9. The start control device of the motor according to claim 8, wherein when a voltage section of a bus voltage of the motor is the first voltage section, an excitation voltage of the motor is noted as a first excitation voltage of the motor; when the voltage interval of the bus voltage of the motor is the second voltage interval, the exciting voltage of the motor is recorded as the second exciting voltage of the motor;

Wherein the product of the amplitude of the first exciting voltage of the motor and the first duty ratio of the PWM signal of the exciting voltage of the motor is equal to the product of the amplitude of the second exciting voltage of the motor and the second duty ratio of the PWM signal of the exciting voltage of the motor.

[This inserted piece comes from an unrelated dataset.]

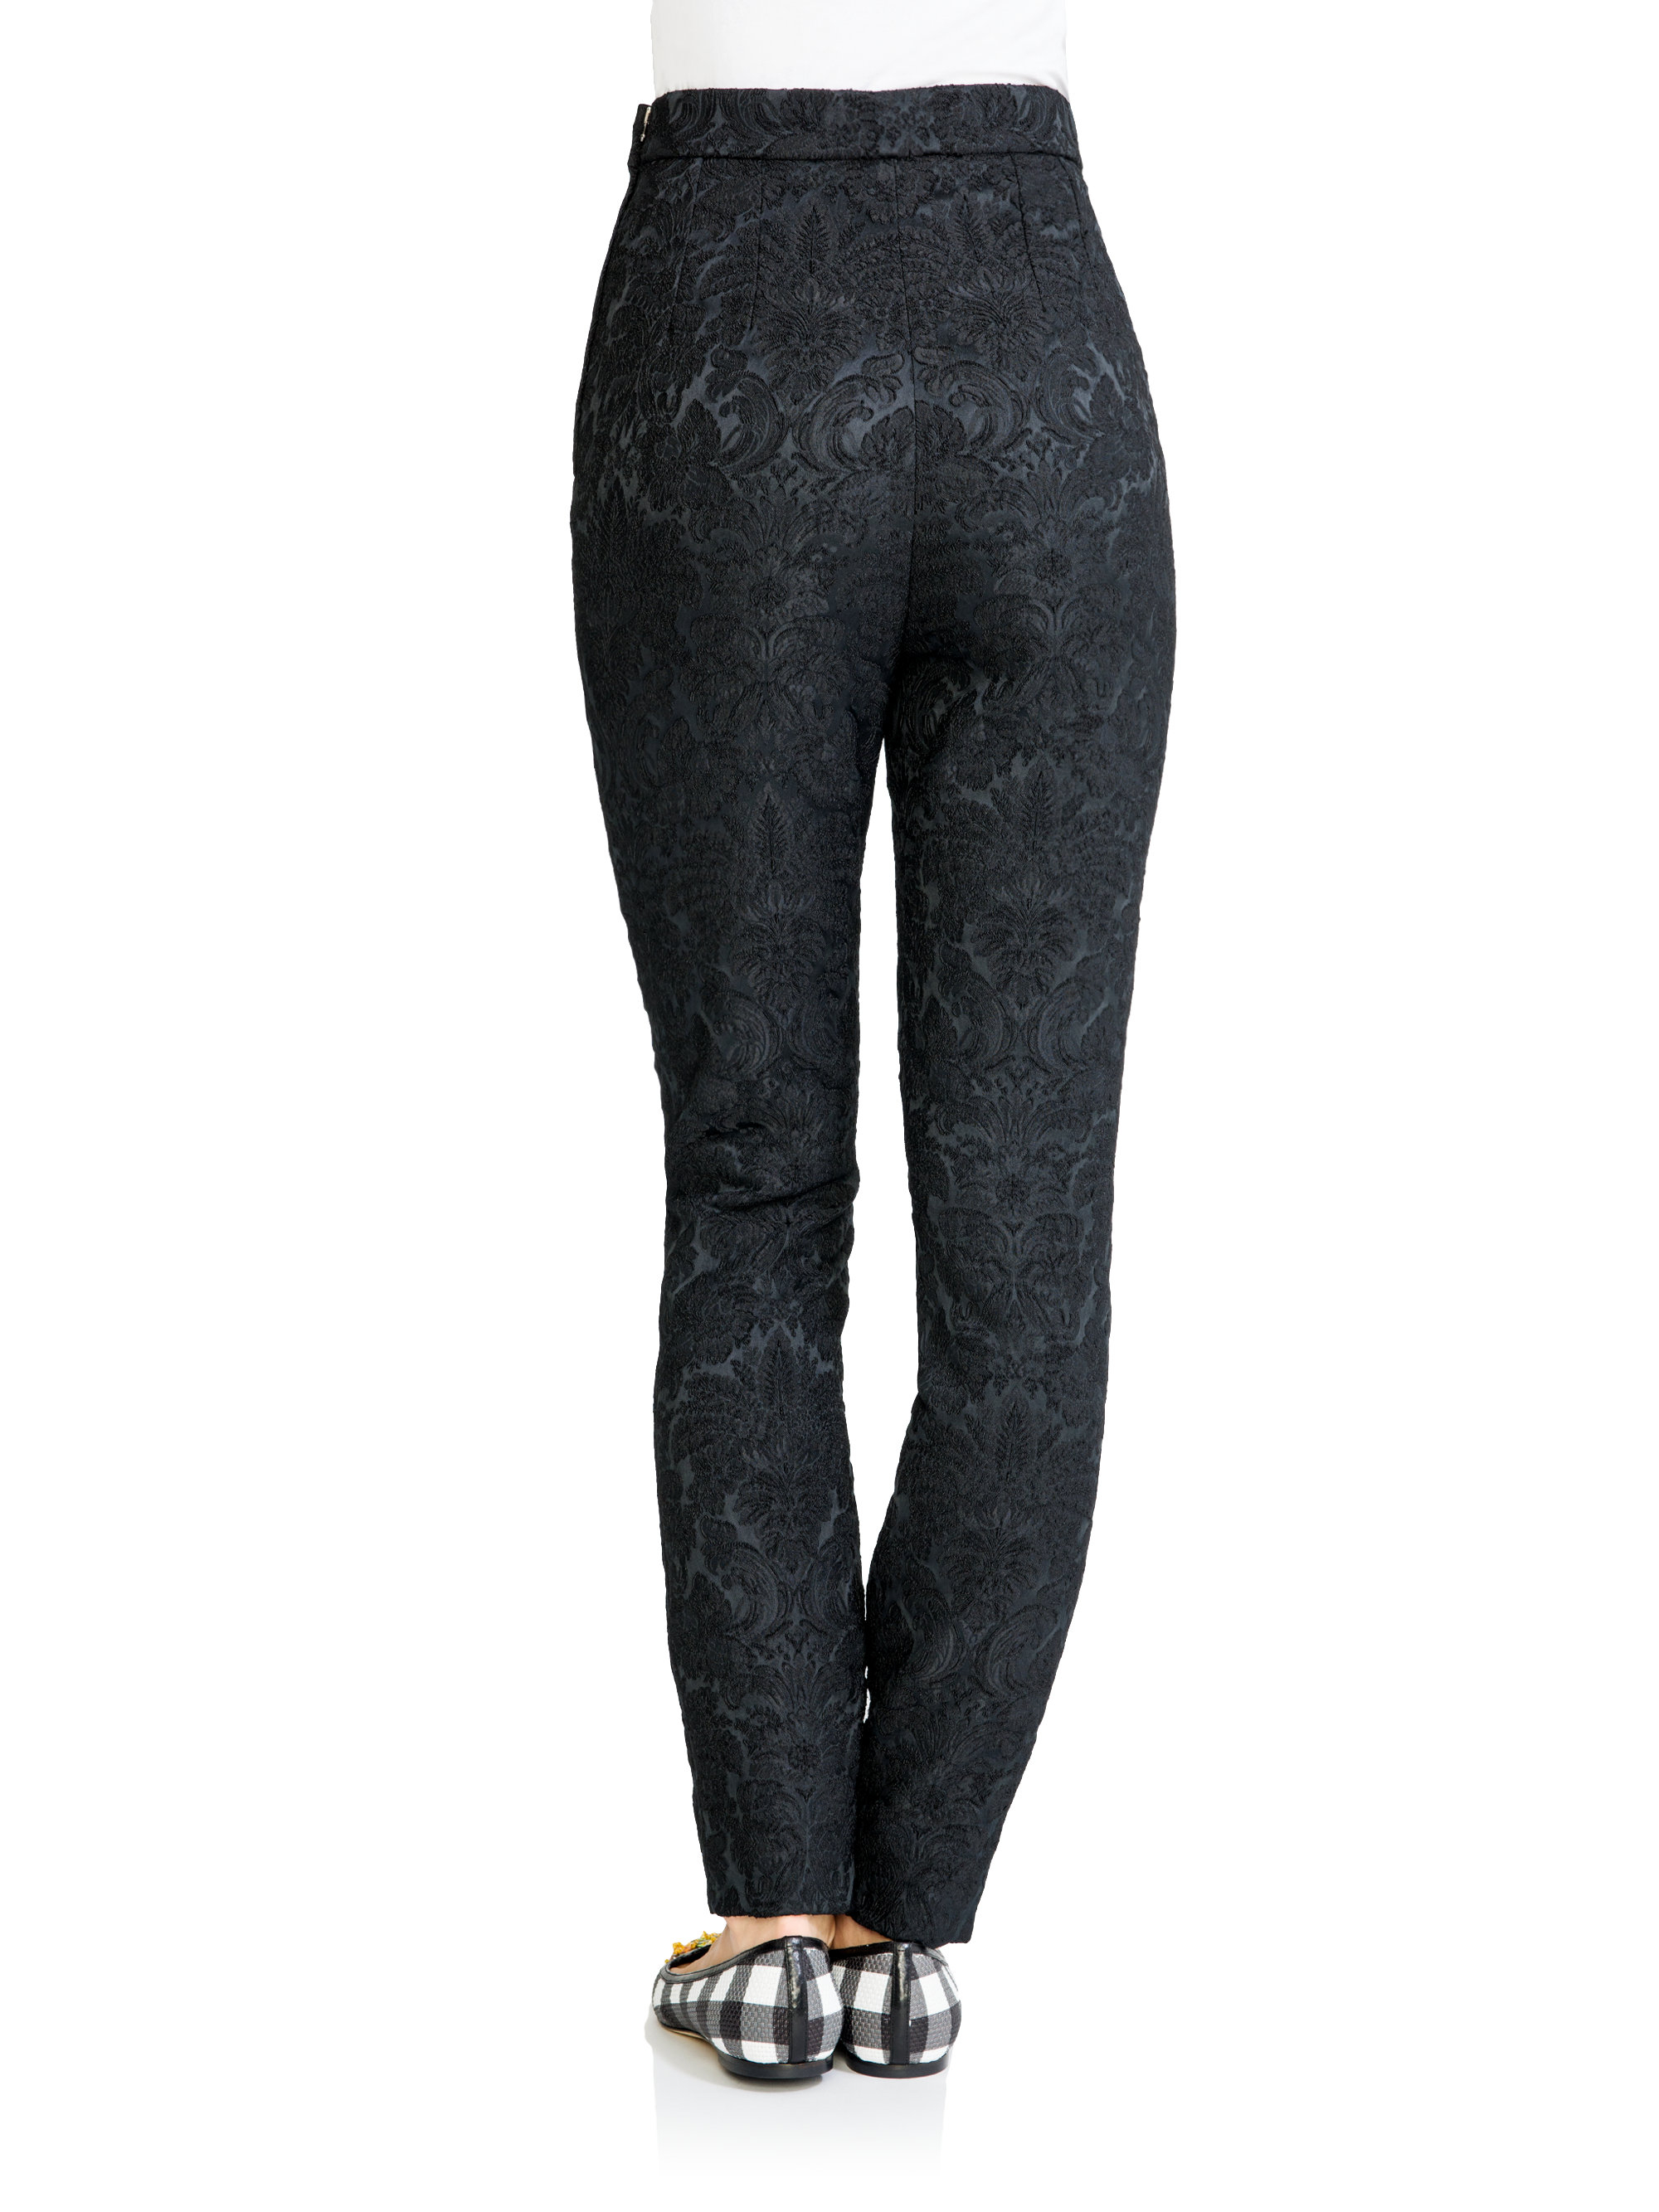 Dolce & Gabbana Jacquard High-waist Pants in Black - Lyst
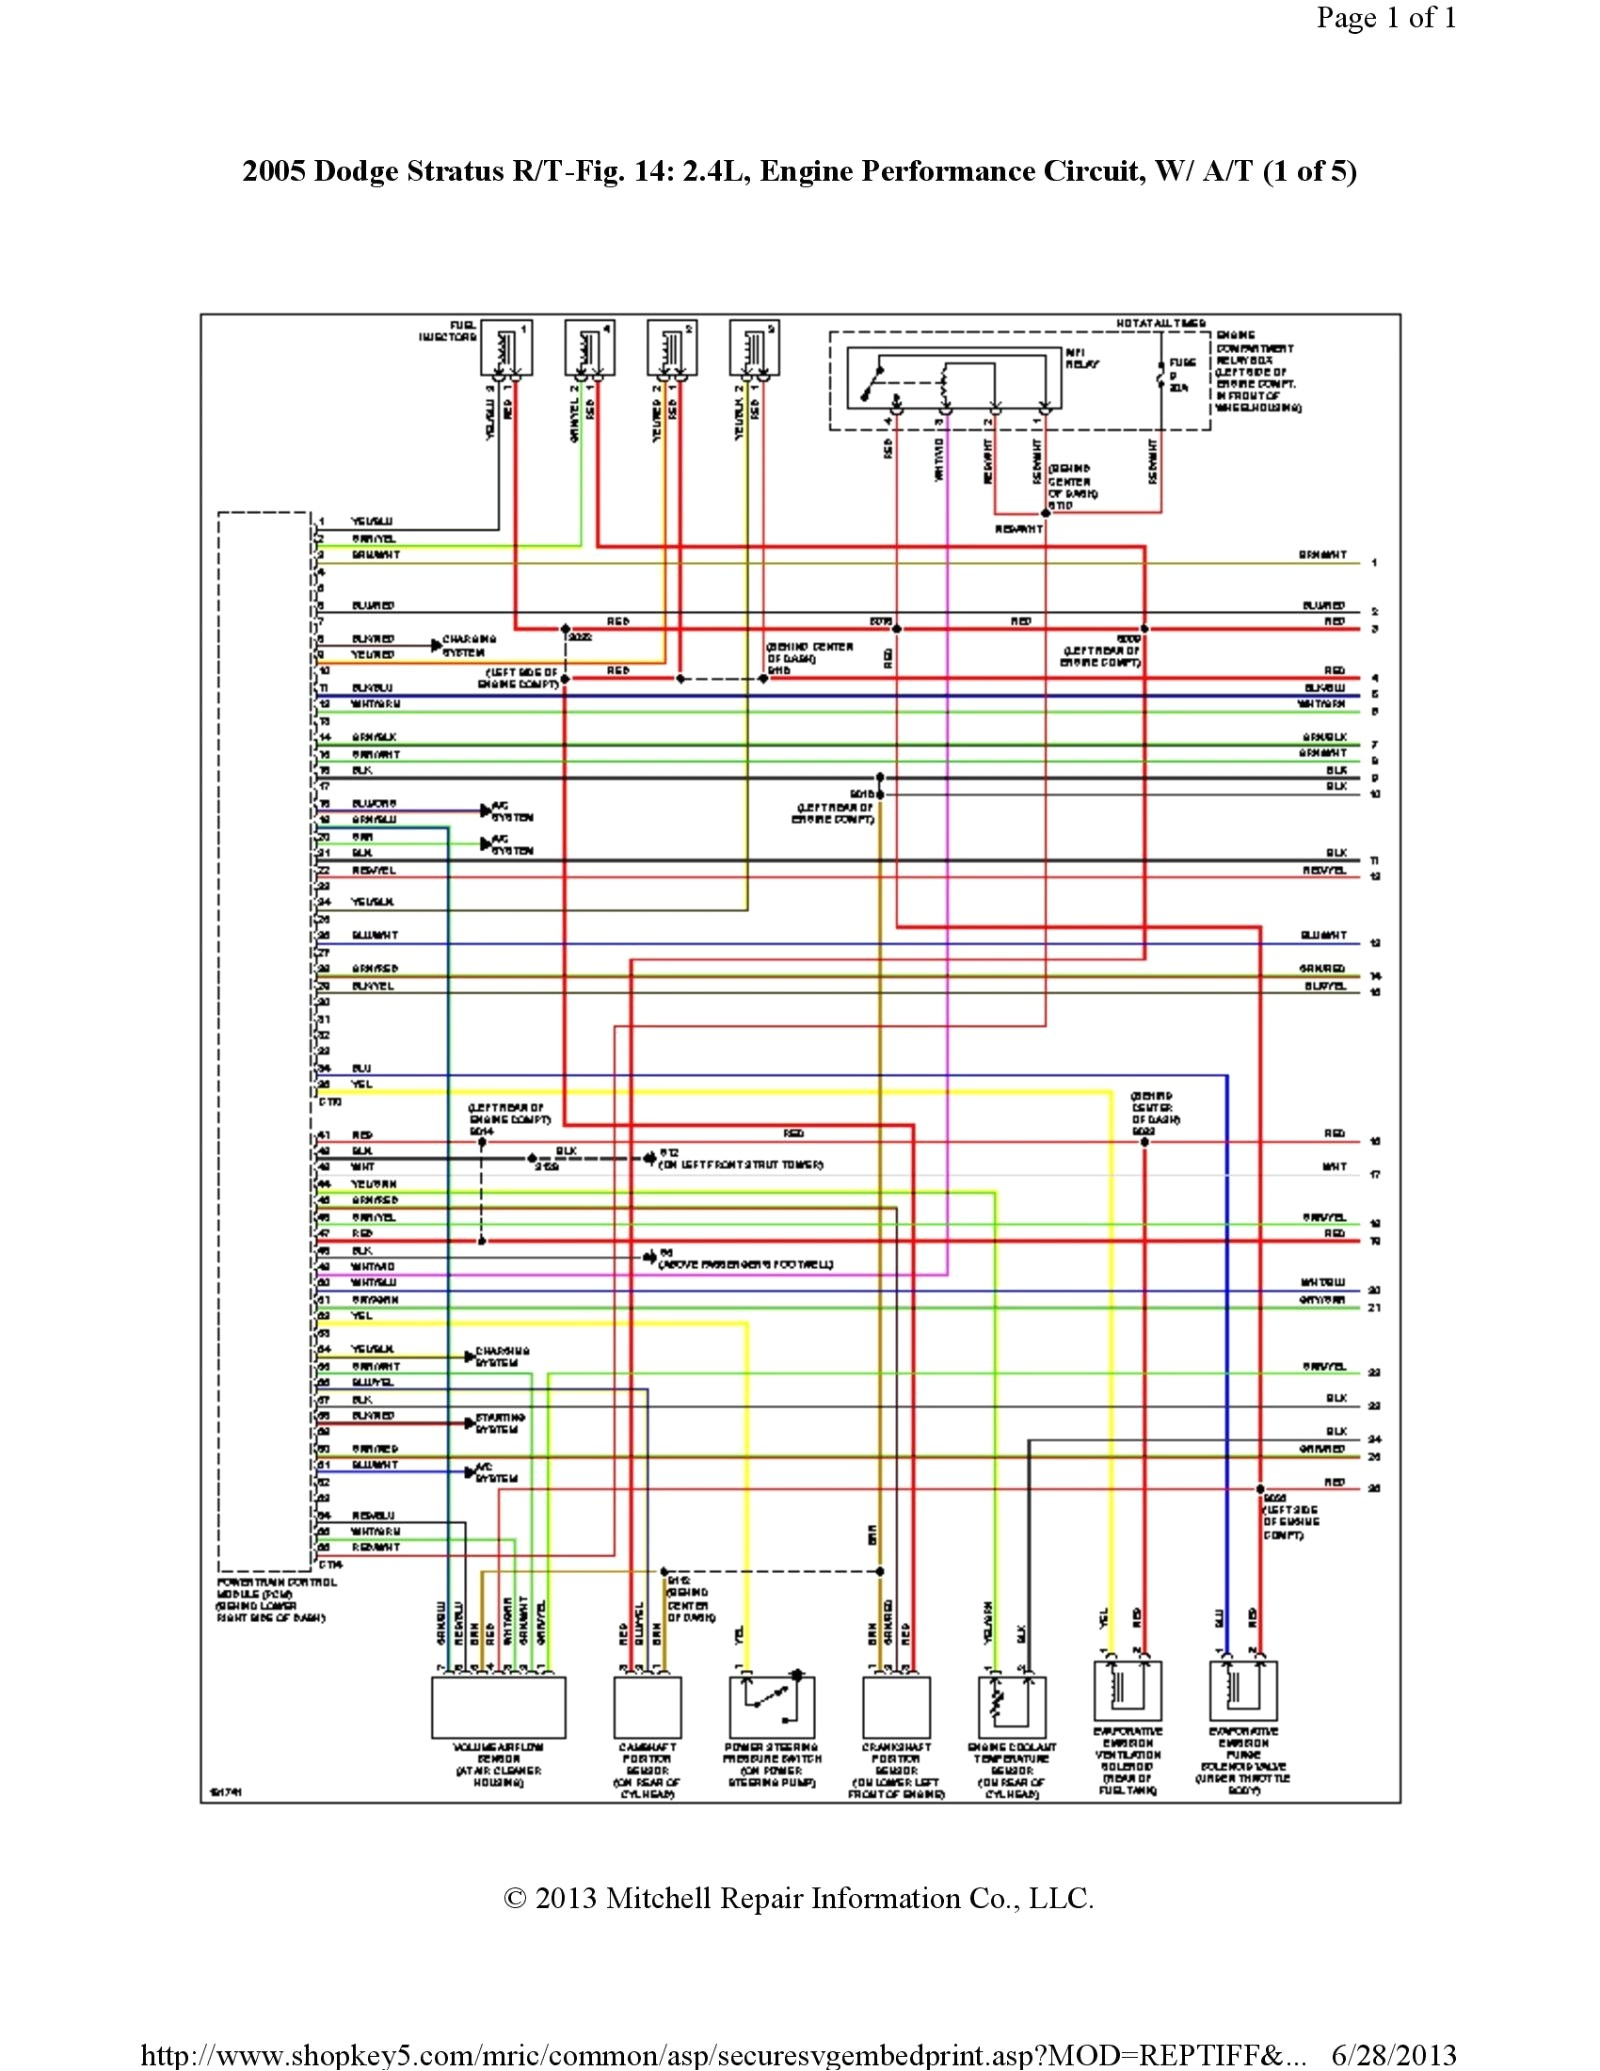 1997 dodge stratus wiring diagram wiring diagram preview 95 stratus wiring diagram

10. The start-up control device of an electric motor according to any one of claims 6 to 9, characterized by further comprising:

the control unit is further configured to determine whether the variation of the bus voltage of the motor exceeds a set voltage variation range in the process of controlling the output of the PWM signal of the exciting voltage of the motor according to the current duty ratio of the PWM signal of the exciting voltage of the motor;

the control unit is further configured to re-determine, based on the range of the preset voltage range, a range in which the bus voltage of the motor is located in the range of the preset voltage range, as a new voltage range of the bus voltage of the motor, if it is determined that the variation of the bus voltage of the motor has exceeded the set voltage variation range;

the control unit is further configured to adjust the duty ratio of the PWM signal of the exciting voltage of the motor according to the voltage interval of the new bus voltage of the motor, so as to obtain the current duty ratio of the PWM signal of the exciting voltage of the new motor;

The control unit is further configured to control output of the PWM signal of the exciting voltage of the motor according to a current duty ratio of the PWM signal of the exciting voltage of the new motor, so that torque actually output by the motor when the motor reaches a target rotational speed of the motor is a target torque of the motor; when the voltage interval of the bus voltage of the motor is two or more different voltage intervals among the one or more voltage intervals, the difference between the times of reaching the target rotating speed of the motor under the bus voltage of the two or more different voltage intervals, namely the starting time difference, is within a set error range.

11. An electric machine, comprising: a start control device for an electric motor according to any one of claims 6 to 10.

12. A storage medium comprising a stored program, wherein the program, when run, controls a device in which the storage medium is located to perform the start-up control method of the motor according to any one of claims 1 to 5.